Я воздержался от того, чтобы приводить доводы, которые можно было бы высказать с другой стороны, и его возбуждение постепенно улеглась. Взяв несколько корректурных листов, он сел за письменный стол и предложил мне занять место напротив, чтобы я мог записывать его исправления и дополнения. Он изрядно нервничал из-за этого, говорил, что слух у меня уже не тот, что прежде, и жаловался, что я записываю под диктовку не так быстро, как его сыновья, и так далее. По этому случаю мы просмотрели большую часть третьей главы, и возражений и правок у него было гораздо меньше, чем я опасался после его письма от 3 августа. Подавляющую часть этих страниц он перевернул без всяких замечаний. Относительно других он делал наблюдения, не имеющие отношения к книге, как например: “Тадден — узколобый малый, у которого нет мозгов”. Примерно через три четверти часа он встал и сказал: “Теперь мне нужно подышать свежим воздухом”. Однако он некоторое время ходил взад и вперед по комнате, как и прежде, и снова начал изливать свой гнев на наглость и угрозы “этого книготорговца, который хотел впрячь меня в свою рождественскую телегу”. В конце концов, впрочем, он успокоился, стал более дружелюбным и провел меня по апартаментам, включая свою спальню. В одной из первых комнат висел масляный портрет римского прелата высокого ранга. В ответ на мой вопрос он сообщил мне, что это кардинал Гогенлоэ.

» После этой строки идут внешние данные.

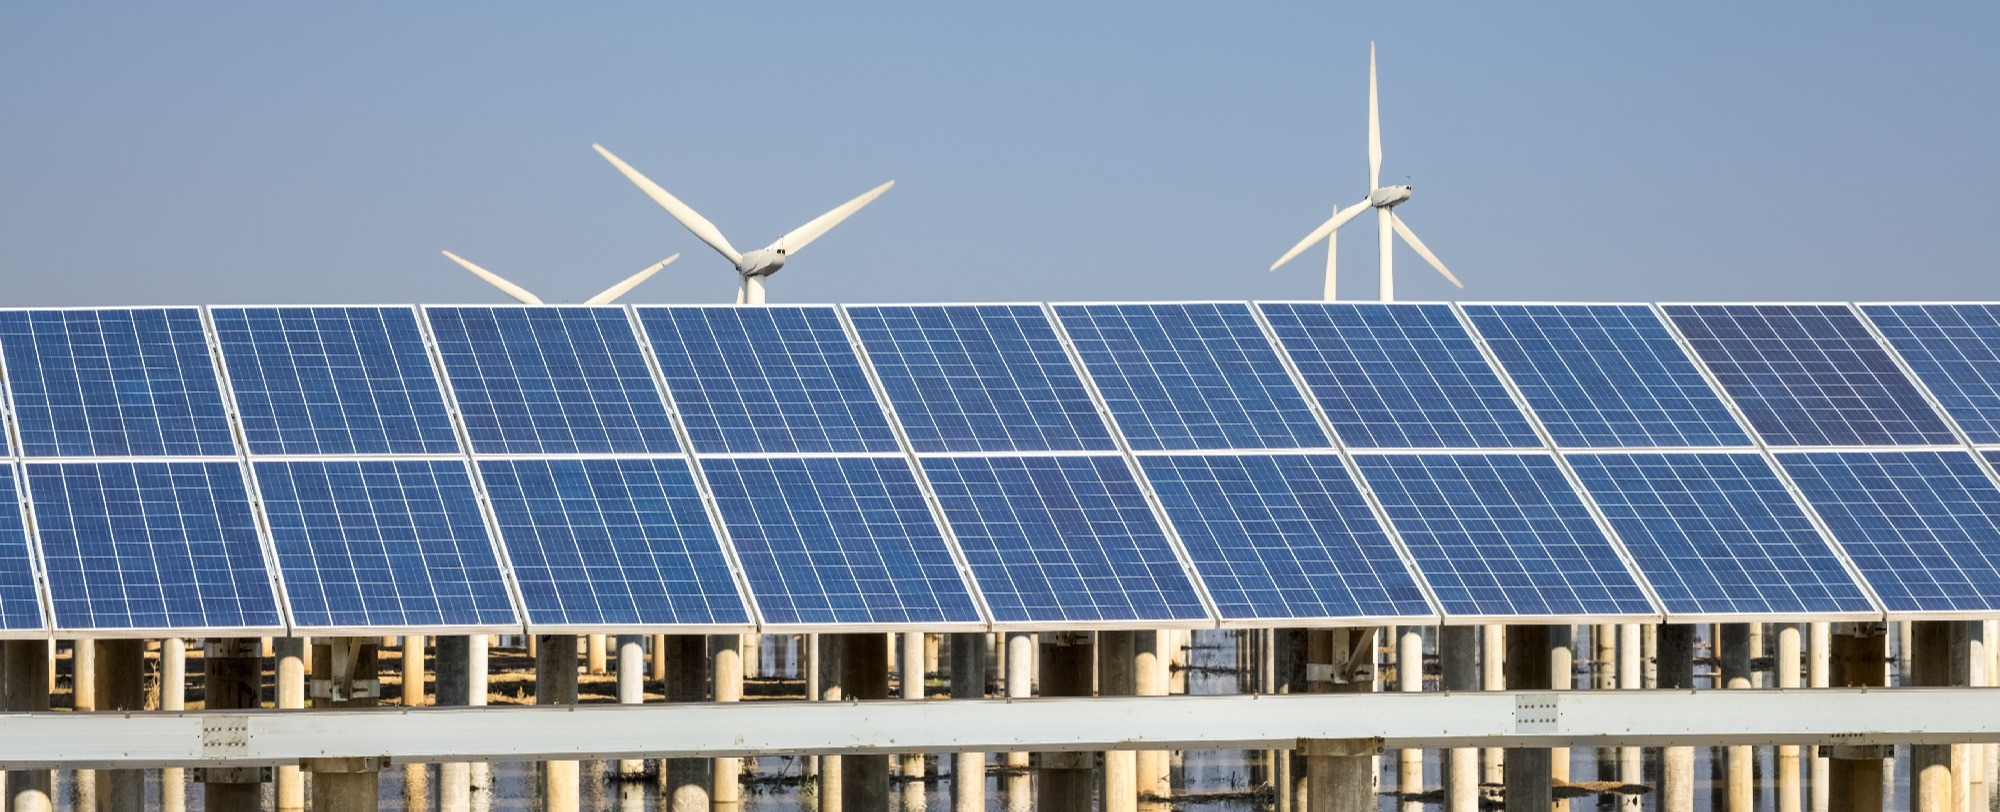 green-energy-against-a-blue-sky-PA8FKAV-1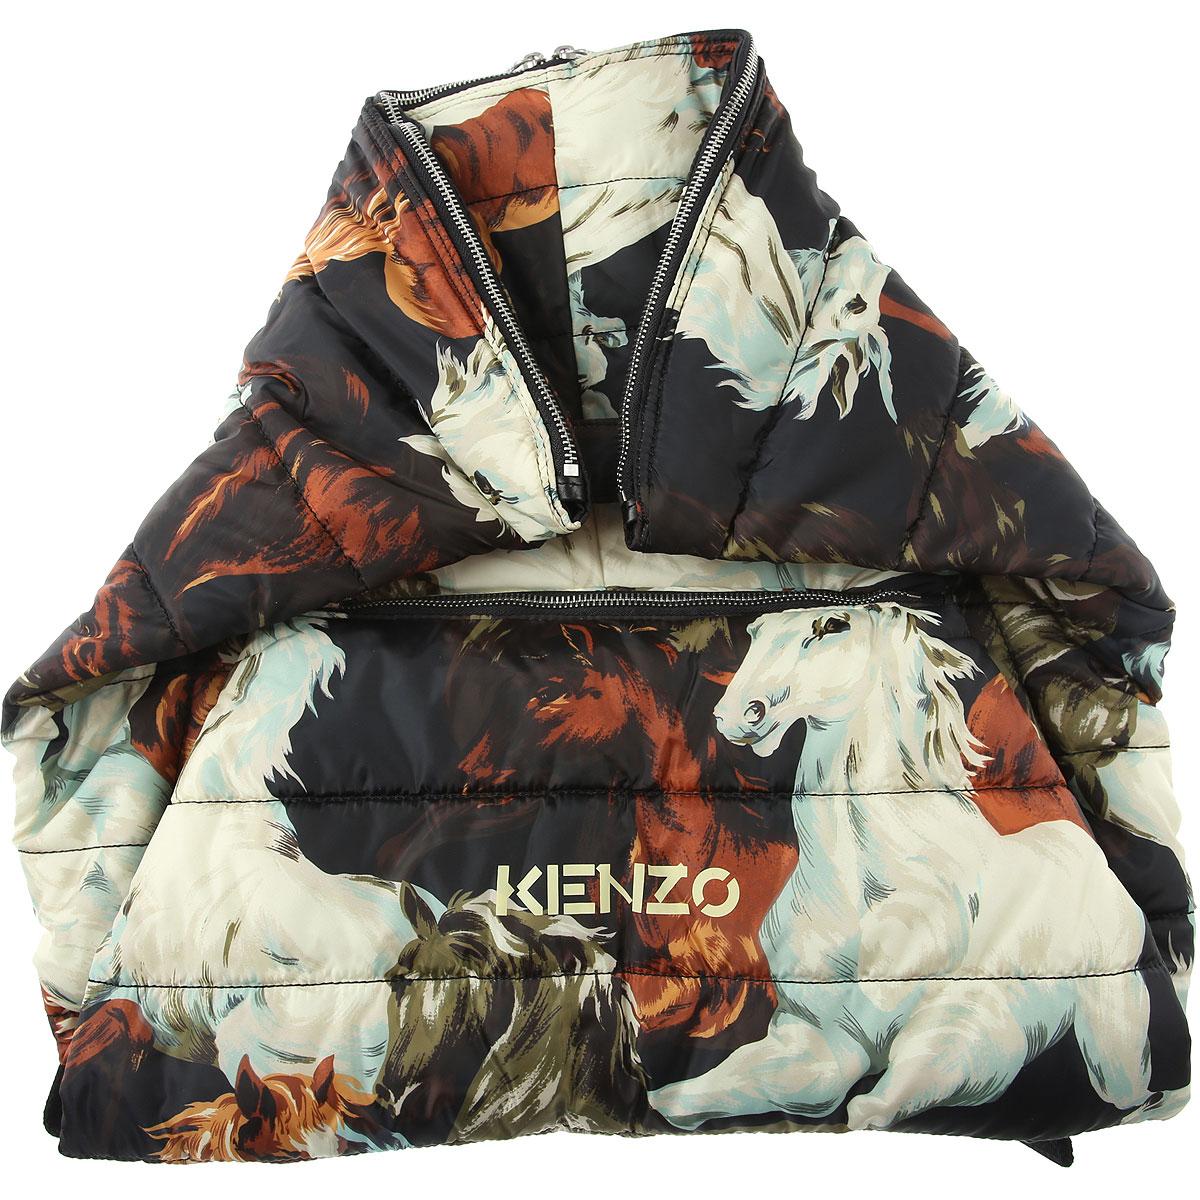 Kenzo Backpack for Men, Multicolor, Nylon, 2019

Затем он отправился на прогулку или поездку, в то время как я направился в свою комнату и переписал набело его замечания и продиктованные им исправления. Эта комната, украшенная портретами Гранта, Вашингтона и Гамильтона, выходит окнами на парк. После 3 часов дня я нанес визит старшему лесничему Ланге, с которым совершил поездку в экипаже.
В четверть седьмого меня позвали к обеду. Среди присутствующих, помимо князя и принцессы, были супруги Ранцау, доктор Швенингер из Мюнхена, находившийся при Канцлере в качестве лечащего врача, и герр фон Олен, другой пациент доктора. Князь, как я заметил теперь впервые, страдал легким приступом желтухи. Швенингер (человек живого темперамента, с темными волосами и бородой, который чувствует себя здесь как дома) диагностировал у князя хронический катар желудка, и его лечение увенчалось успехом. (...) За кофе, который подавали в комнате принцессы, беседа поначалу была незначительной. Она коснулась портрета князя кисти Бекера времен франкфуртского периода, двух групп его предков мужского и женского пола, которые по костюмам, судя по всему, процветали в период между смертью Лютера и Тридцатилетней войной, а также портрета его деда-охотника с охотничьим ружьем, который раньше висел в Берлине, а теперь тоже нашел здесь свое место. Беседа постепенно становилась все более оживленной и интересной; и Канцлер, заметивший во время тет-а-тета со мной в полдень, что отныне будет осторожен с тем, что говорит в моем присутствии, вероятно, забыл о своем намерении. Когда я заявил, среди прочего, что война 1870 года, судя по всему, оказала отличное влияние на национальное чувство в Саксонии, он добавил: “И еще в большей степени в Баварии. Я как-то в шутку сказал Фабрису [10], что мы еще доживем до того дня, когда порядок в Саксонии будет восстановлен баварскими войсками”. Говоря о придворных кругах в Берлине, он пожаловался: “Всякий раз, когда я балансировал на политическом канате, они били меня по голеням, и, если бы я только упал, как бы они обрадовались! Особенно вечно женственное (das ewig Weibliche).”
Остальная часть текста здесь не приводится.